There are 14 candidates for the presidency. But the polls indicate that the dispute will be between Nasry Asfura and Xiomara Castro, further behind is Yani Rosenthal. In the last few days the political map has shifted because another of the candidates, and well positioned in the polls, Salvador Nasralla, withdrew his candidacy and entered into an alliance with Xiomara Castro. This leaves the LIBRE leader well positioned to put an end to 12 years of neoliberal and oligarchic government.

The threat of fraud and electoral irregularities which characterize previous elections set off alarms about the outcome of the results. In this respect, Ríos pointed out: “our problem is not to win against the right wing, but to win against fraud.” “The electoral reform approved in May of this year means that the National Party can no longer adulterate the electoral rolls, that there is a new national registry of persons and that we have a presence in the National Electoral Council,” he indicated.

In case Xiomara Castro is victorious on November 28 and the process of change truncated with the coup against Zelaya is returned to the path of change, Ríos affirms “we will return to the platforms and spaces of Latin American and Caribbean integration together with the progressive and leftist governments of the continent, in addition, we will prioritize the geopolitical relationship with China.”

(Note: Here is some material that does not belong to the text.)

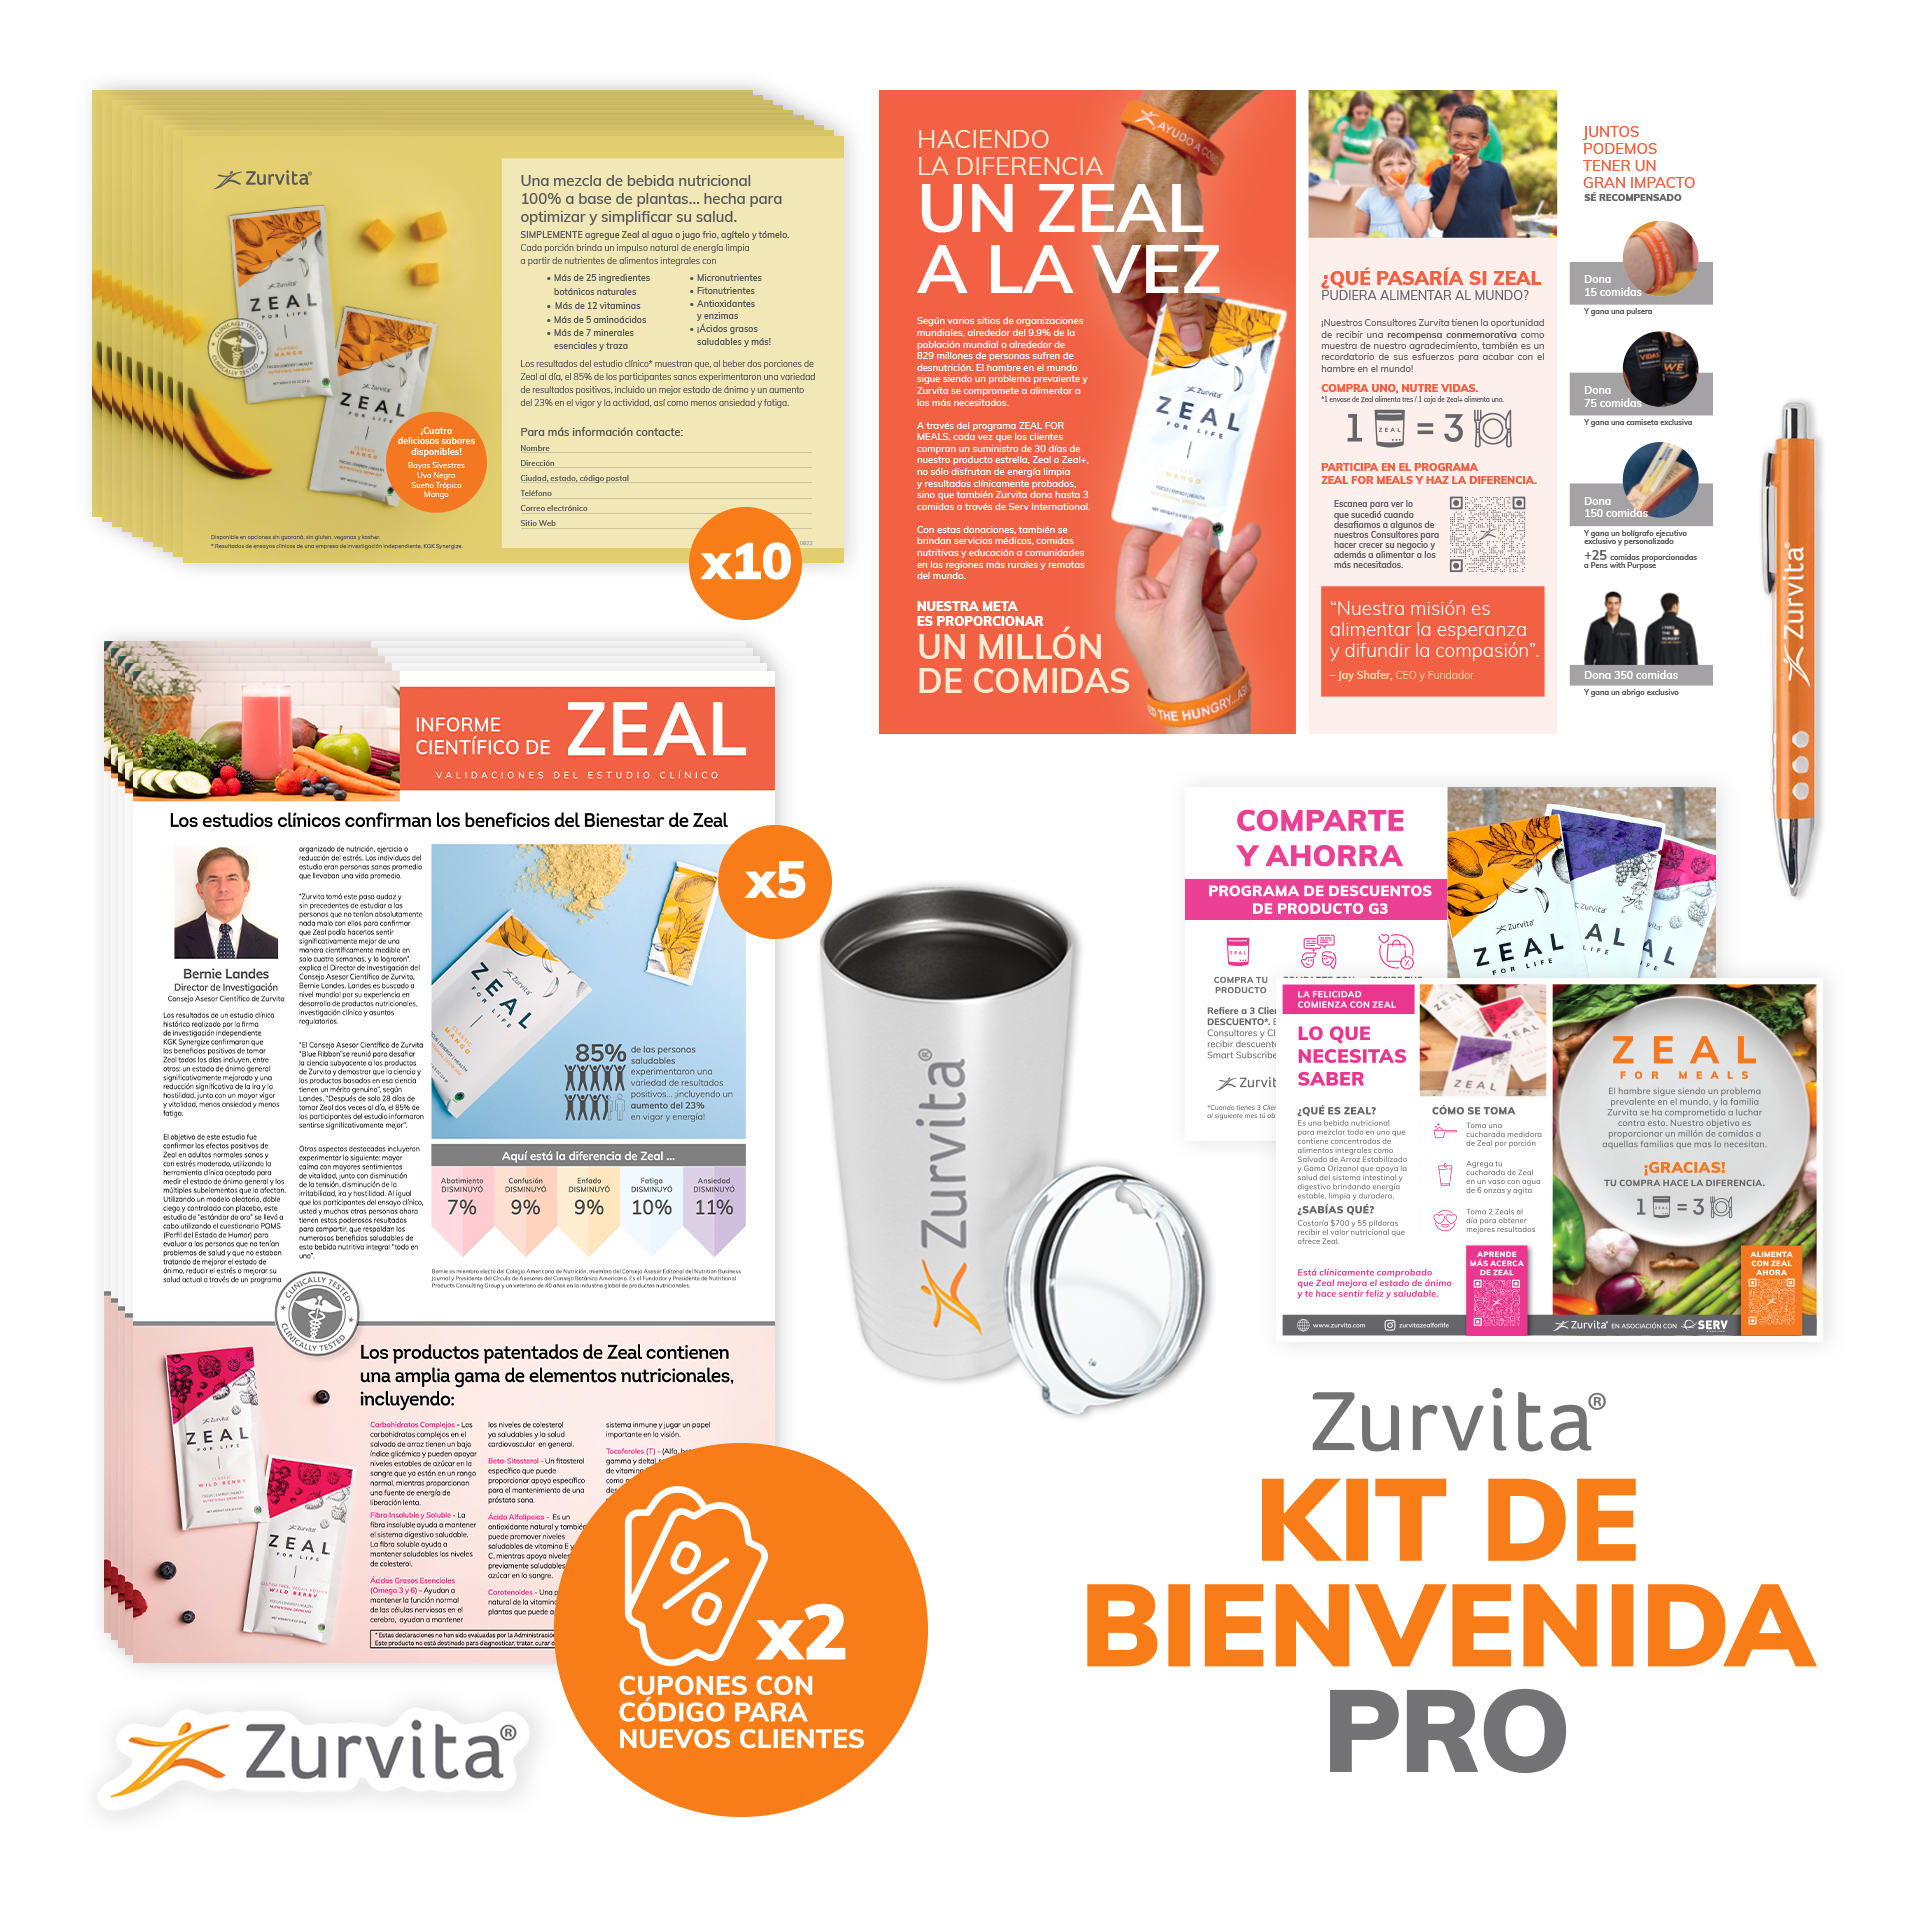 El Kit de Bienvenida PRO de Zurvita (incluye el Kit Digital 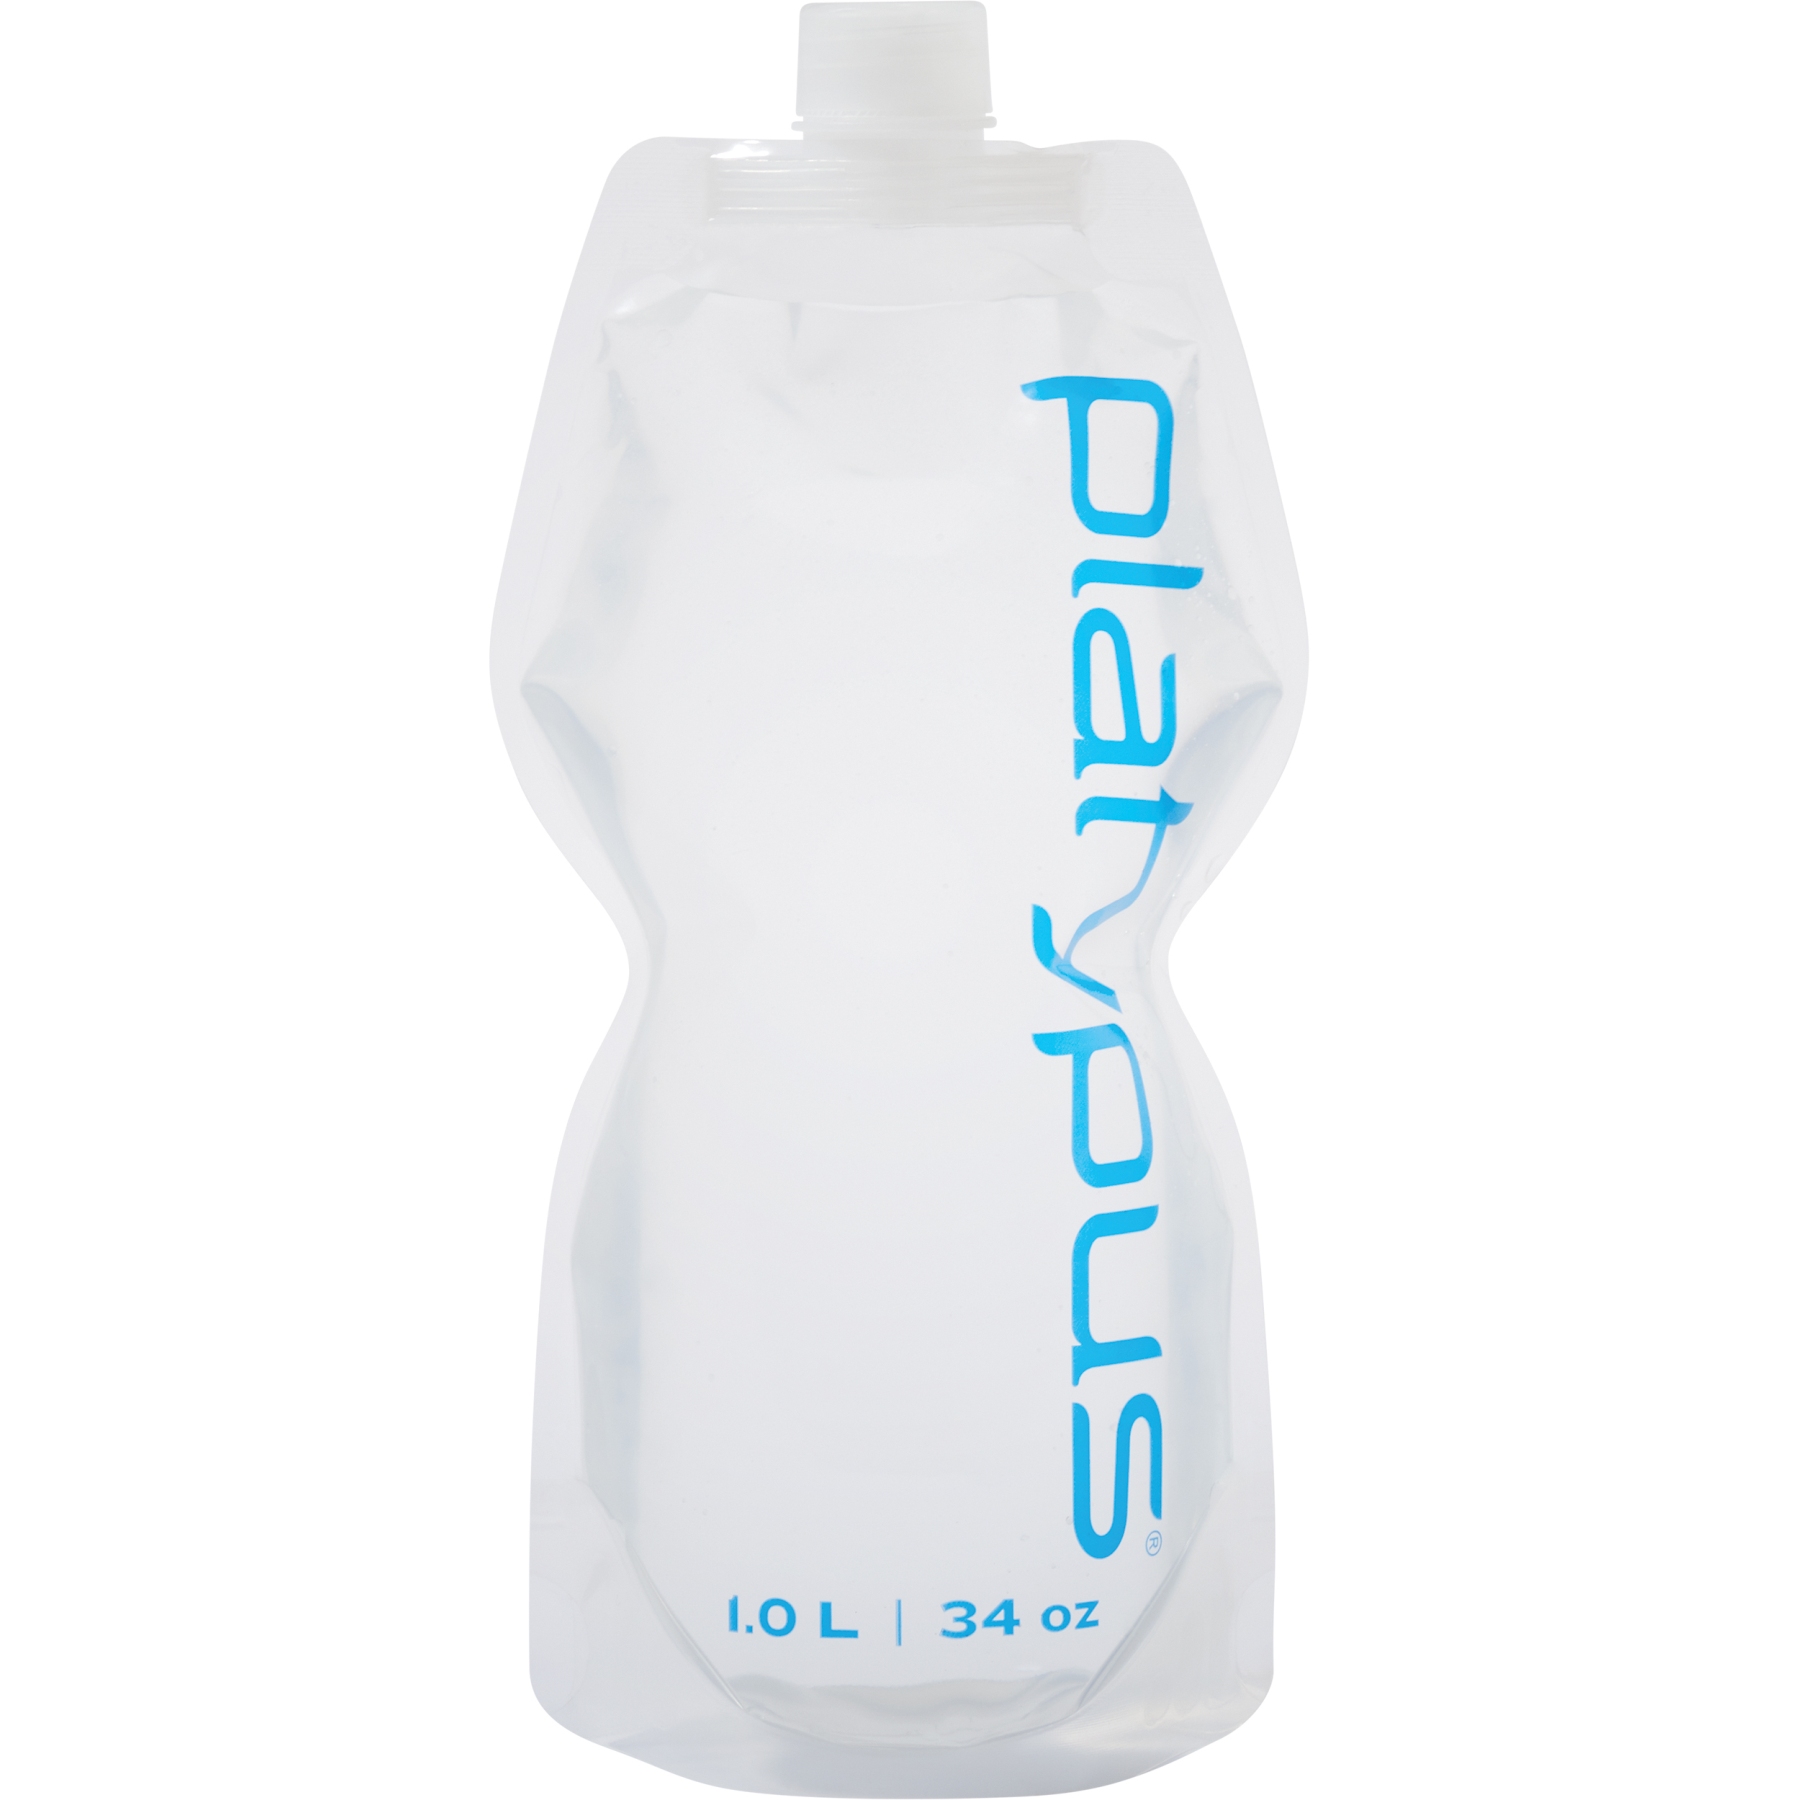 Productfoto van Platypus SoftBottle 1L Flexibele Drinkfles met Closure Cap - Logo

Among the first measures of a LIBRE government would be the elimination of the ZEDE, as well as rescuing national companies that were privatized as is the case of the State Energy Company, eliminating the hourly employment law, and restoring labor rights that were taken away and advancing against corruption through an audit of the State. “It is fundamental to change the oligarchic character of the Honduran State towards a popular State,” stated Ríos.

The region of Central America is marred by multiple crises but social and popular organizations have continued to resist the predatory effect of neoliberalism. The elections in Honduras are central both because of its geostrategic and political location, as well as because of the wounds that were opened in 2009 and the winds of change that may come from there.

Mauricio Ferolla is a member of the Latin America and the Caribbean Observatory led by the Tricontinental Institute for Social Research.